(DATASET EXTRACT Opens)

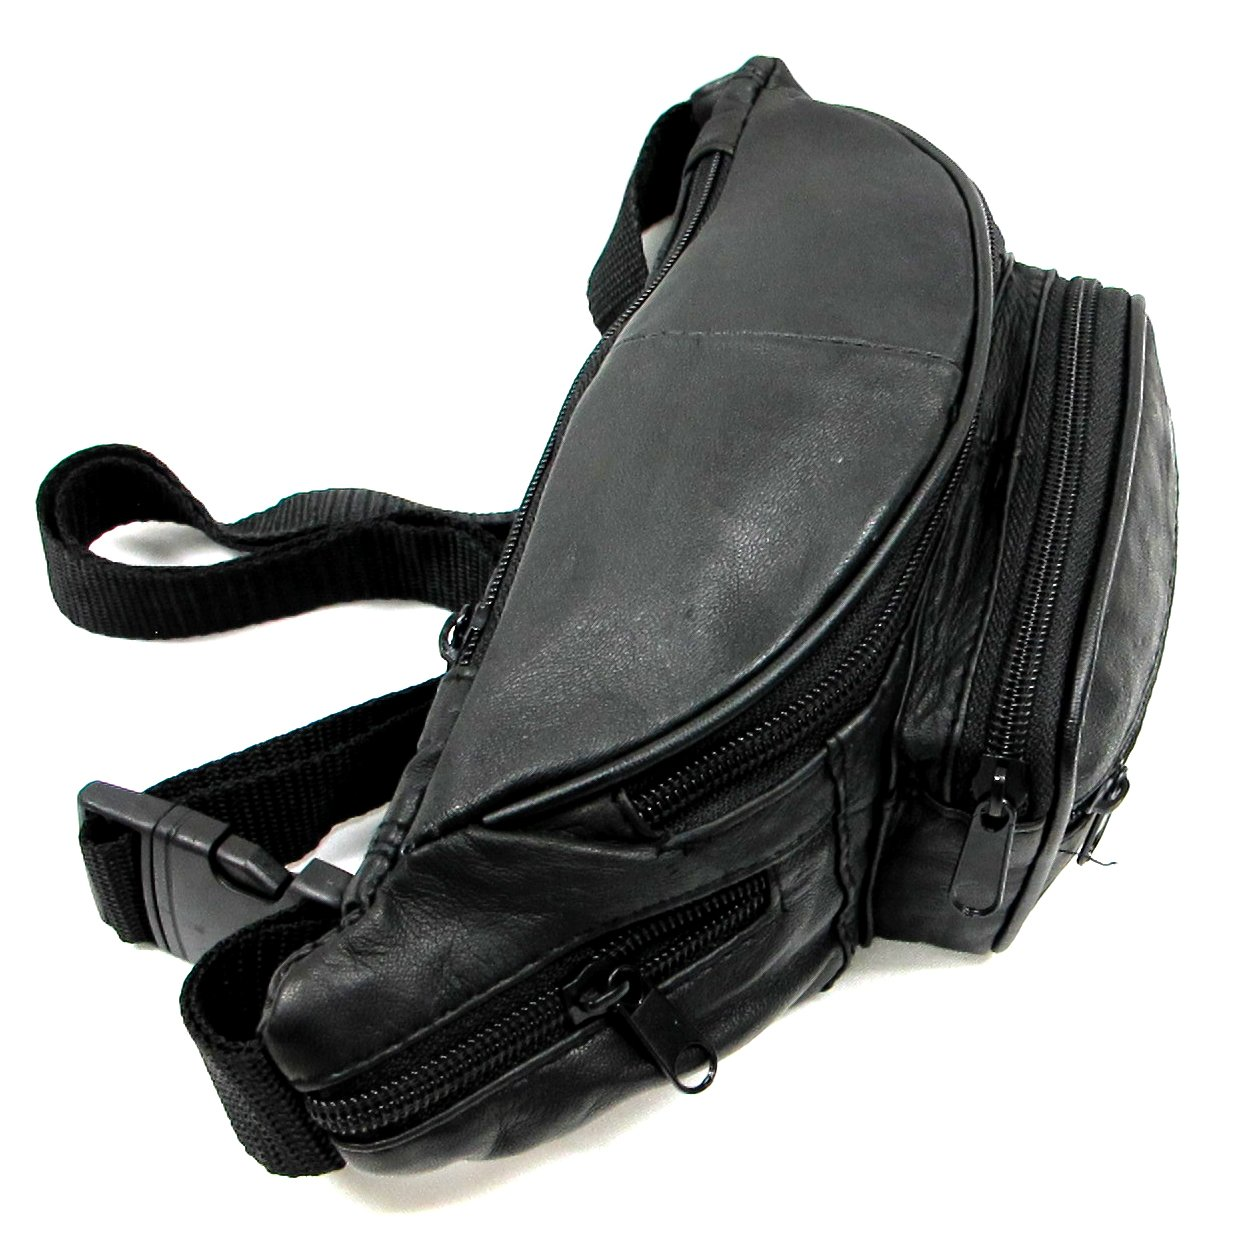 6 Zipper Pockets Genuine Soft Leather Fanny Pack Waist Bag Small Size Black
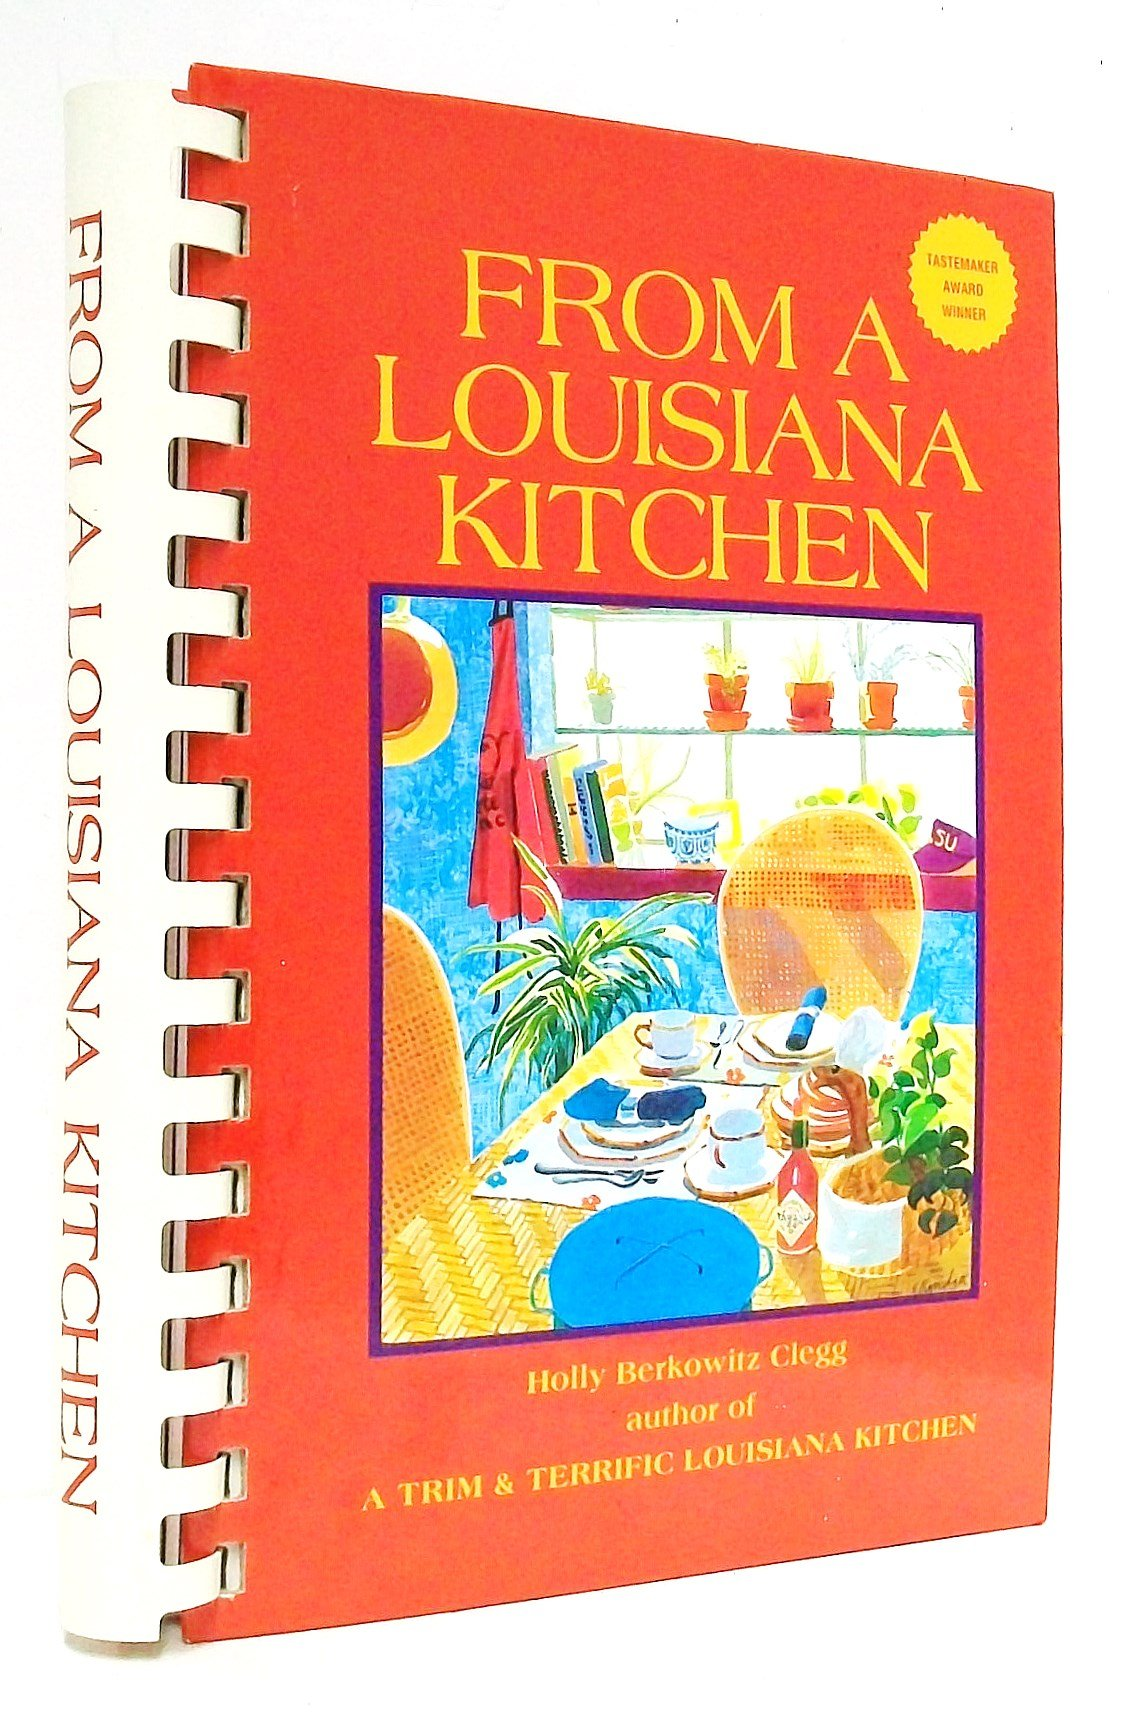 From a Louisiana Kitchen Holly Berkowitz Clegg 9780961088842
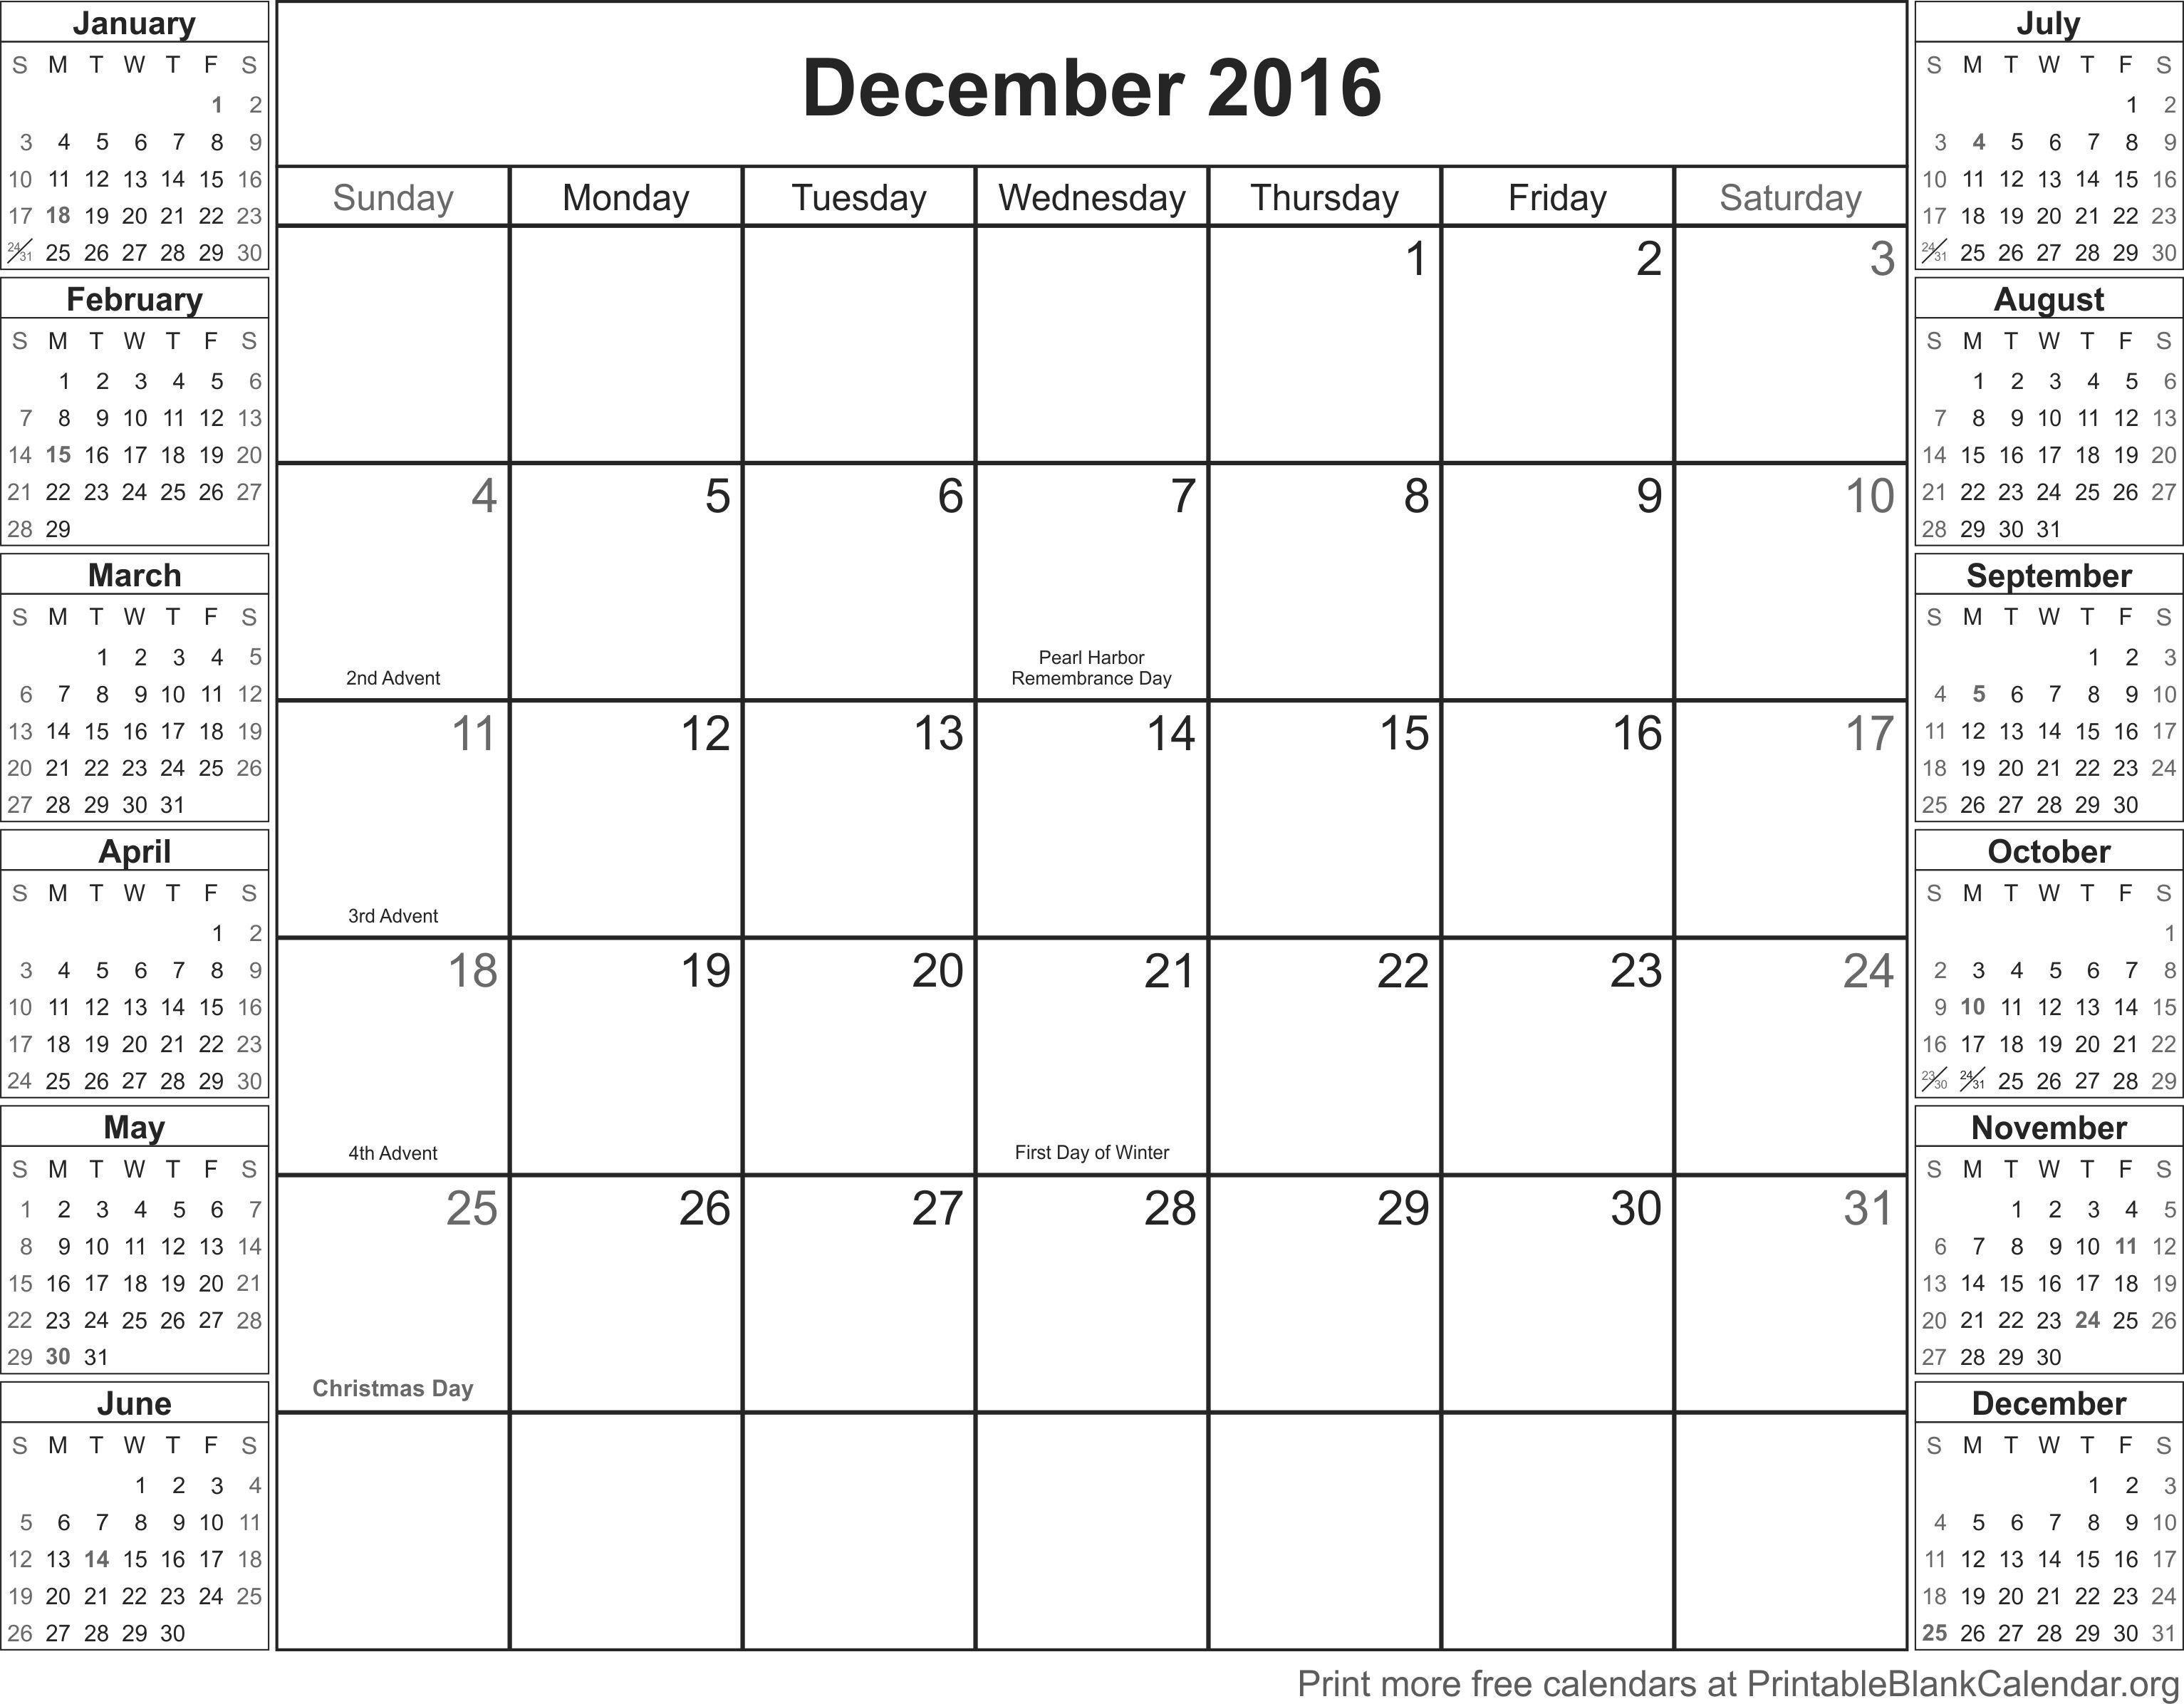 December 2016 free printable calendar - Printable Blank Calendar.org

(DATASET EXTRACT Closes)

### ASSIGNMENT
This exercise asks for the data above to be given again exactly, without pictures.

### SOLUTION BELOW
 6 Zipper Pockets Genuine Soft Leather Fanny Pack Waist Bag Small Size Black
 From a Louisiana Kitchen Holly Berkowitz Clegg 9780961088842
 December 2016 free printable calendar - Printable Blank Calendar.org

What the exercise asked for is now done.